MIT uses 4D maps to help robot teams navigate moving obstacles

A new algorithm incorporates time as a fourth mapping dimension

It's one thing to keep robots from crashing into fixed obstacles like walls or furniture, but preventing collisions with other moving things is a much tougher challenge. Targeting teams of robots working together, MIT on Thursday announced a new algorithm that helps robots avoid moving objects.

Planning algorithms for robot teams can be centralized, in which a single computer makes decisions for the whole team, or decentralized, in which each robot makes its own decisions. The latter approach is much better in terms of incorporating local observations, but it's also much trickier, since each robot must essentially guess what the others are going to do.

MIT's new algorithm takes a decentralized approach and factors in not just stationary obstacles but also moving ones. Each robot uses its own observations to map out an obstacle-free region in its immediate environment. It then passes that map to its nearest neighbors. When a robot receives a map from a neighbor, it calculates the intersection of that map with its own and passes that on to other neighbors.

Because each robot communicates only with its close neighbors, the bandwidth required for communications is greatly reduced, particularly when there are a lot of robots. And each robot ends up with a map that reflects all of the obstacles detected by the whole team.

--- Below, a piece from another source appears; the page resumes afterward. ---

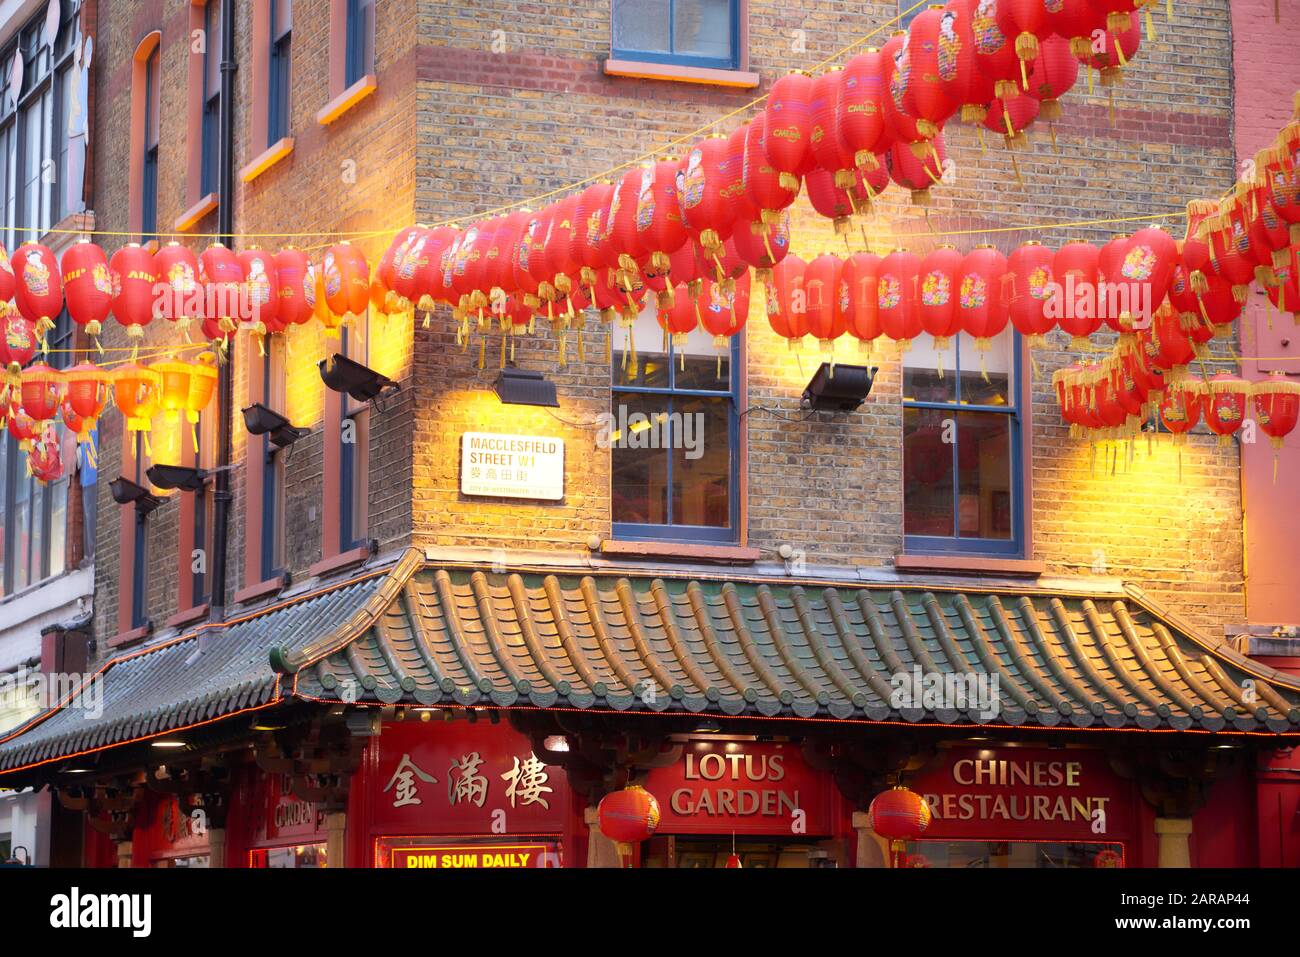 Chinese Restaurant China Town London Stockfotos Chinese

The algorithm accounts for obstacles in motion by including time as a fourth mapping dimension. With that dimension included, it describes how a three-dimensional map would have to change to accommodate the obstacle’s change of location over a span of a few seconds.

In simulations involving squadrons of mini helicopters, the algorithm came up with the same flight plans that a centralized version did but allowed for small variations as conditions required.

“It’s a really exciting result, because it combines so many challenging goals,” said Daniela Rus, a professor in MIT’s Department of Electrical Engineering and Computer Science and director of the Computer Science and Artificial Intelligence Laboratory.

“Your group of robots has a local goal, which is to stay in formation, and a global goal, which is where they want to go or the trajectory along which you want them to move," Rus explained. "You allow them to operate in a world with static obstacles but also unexpected dynamic obstacles, and you have a guarantee that they are going to retain their local and global objectives.”

Each robot updates its map several times per second, calculating the trajectory that will maximize both local and global objectives.

To simulate environments in which humans and robots work together, the researchers are also testing a version of their algorithm on wheeled robots whose goal is to collectively carry an object across a room where humans are also moving.

They'll present their algorithm next month at the International Conference on Robotics and Automation.